Не верю я в этого беглеца. Как и в невенчанную жену. Как и в банковские аферы, проворачиваемые по сегодняшним методикам. Как и в драму героя, который, решив, что готовящие банкротство сослуживцы уворуют его долю, сообщает большевикам (прежде предлагавшим ему свою махинацию): завтра наличность из банка уйдет. То есть, по разъяснениям автора в послесловии (для совсем тупых), выступает наводчиком. За что и получает от экспроприаторов надлежащую сумму, благодаря которой может отправить невенчанную жену к незаконнорожденному сыну, что давно обретается в Женеве и сотрудничает с Парвусом. Сын-то и вывел большевиков на папашу. Понимай как знаешь: то ли других банков в Москве не было, то ли грабить большевики могли лишь так, чтобы заодно порадеть родному человечку за наводку (если минуту подумать -- мнимую). А что серьезных эксов в 1917-м не было вовсе, что обычный грабеж и захват банка суть разные вещи, что деньги ленинцам шли в основном из-за кордона, что у большевиков и после октябрьского переворота с банками (и банковскими служащими, которые, не желая подчиняться самозваной власти, бастовали, а не воровали деньги клиентов) возникали проблемы -- дело десятое.

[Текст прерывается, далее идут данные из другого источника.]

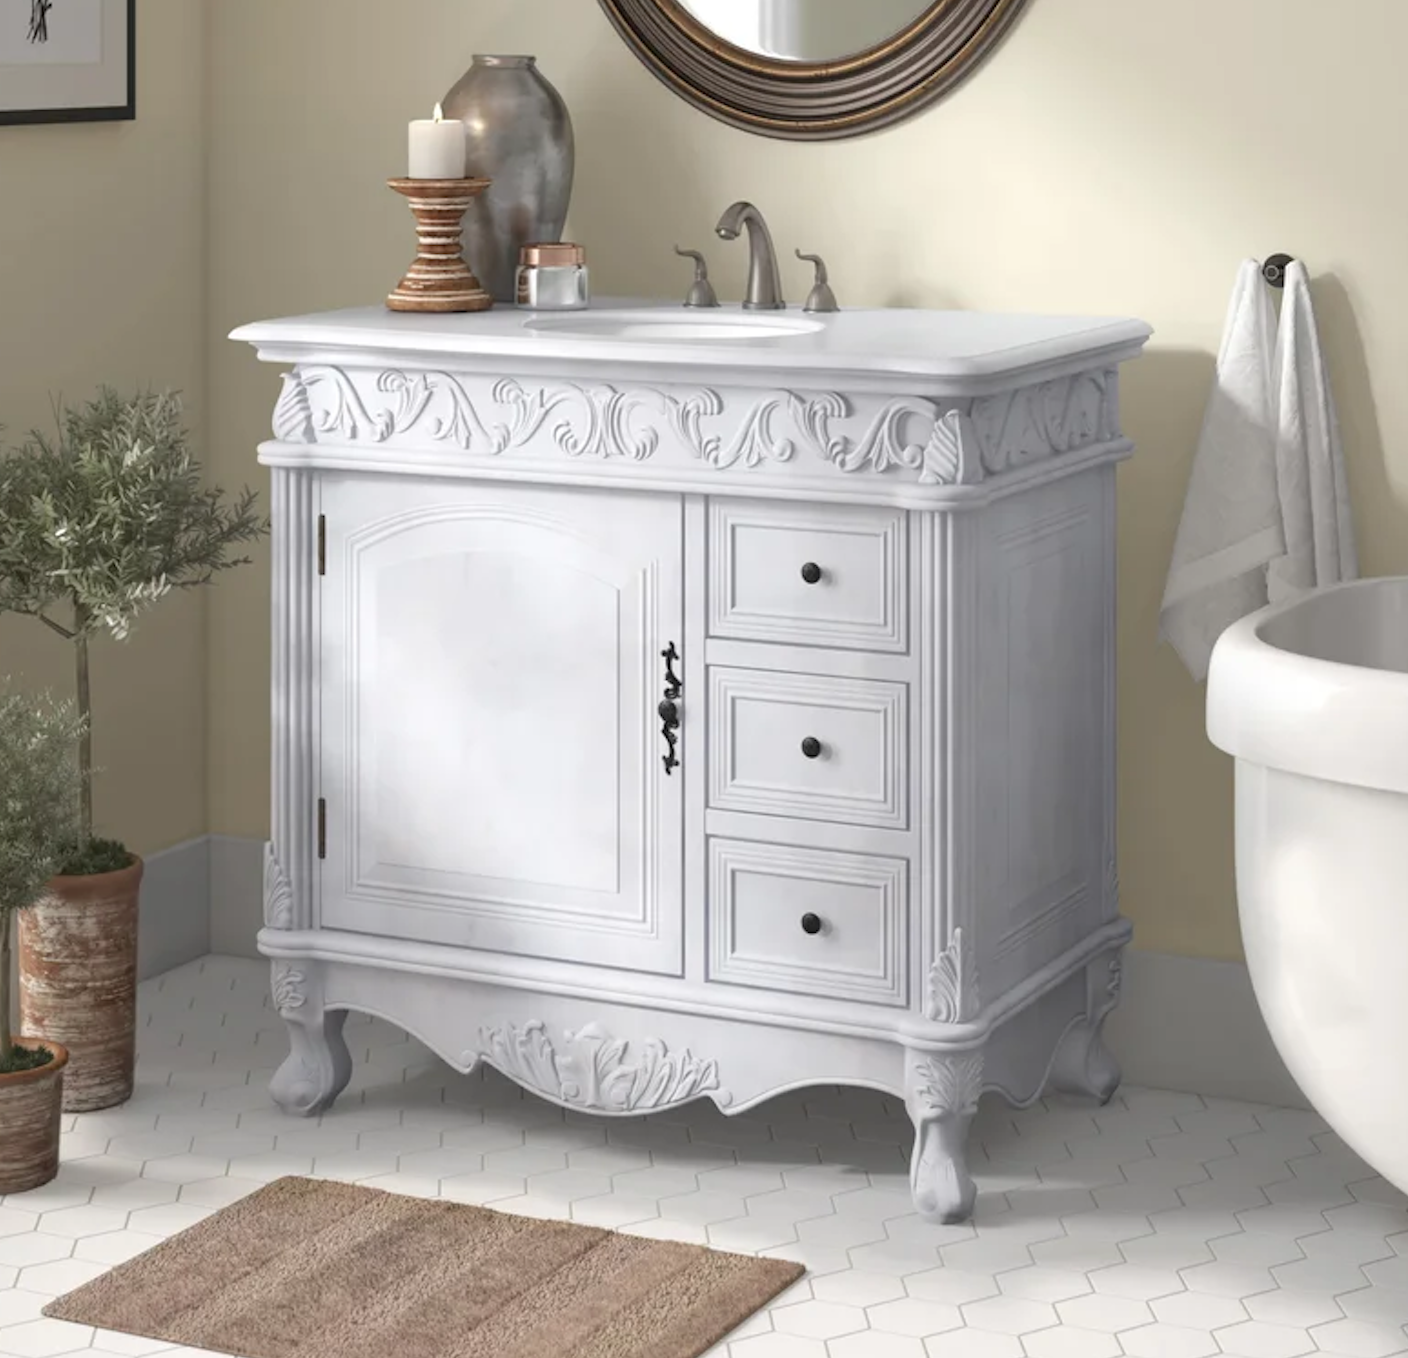 36" Antique White with Matching Medicine Cabinet, with 2 Marble Top options, and Linen Cabinet Option

Ничего ведь не было. (Кроме выморочного психологизма и вполне справедливых, но излишне взвинченных ламентаций о мерзости декаданса, безбожия и революций.) Некогда случайно обретенные записи Л-ва повествователь перевел на новую орфографию (но в заголовке оставил «ять» и «ер» -- знай наших!), а тетрадь сжег в помоечном ящике, спеша в аэропорт «к последнему уходящему рейсу». Хранитель дневника убыл на Запад, куда тщетно рвался «отважный трус, совестливый вор, набожный распутник, вольномыслящий конформист. Мертвая душа, каковы и все наши души, если признаться хоть себе честно». Его наследник оказался счастливее -- он опубликовал «дневник неизвестного», снабдив заключительной пометой: Vollendet im Jahre 2013 («завершено в 2013-м»).
Сия помета содержит три посыла. Во-первых, к означенной дате у нас должна вновь разлиться смута. Во-вторых, именно печальное будущее (накликиваемое теми, кому тошно от терпимого настоящего), а вовсе не пеплом ставшее прошлое занимает истинного создателя «Беглеца», решившего дать новый извод некогда прославившего его «Невозвращенца». В-третьих, за все исторические (психологические, сюжетные) промахи (указанные и оставленные мной за кадром, явившиеся плодом неаккуратности, неосведомленности или, напротив, изысканной «набоковской» игры) Кабаков никакой ответственности не несет. Это все «беглец» наблудил-напутал. А история у нас -- «мертвых душ» -- если и была, то сгорела в мусорном баке.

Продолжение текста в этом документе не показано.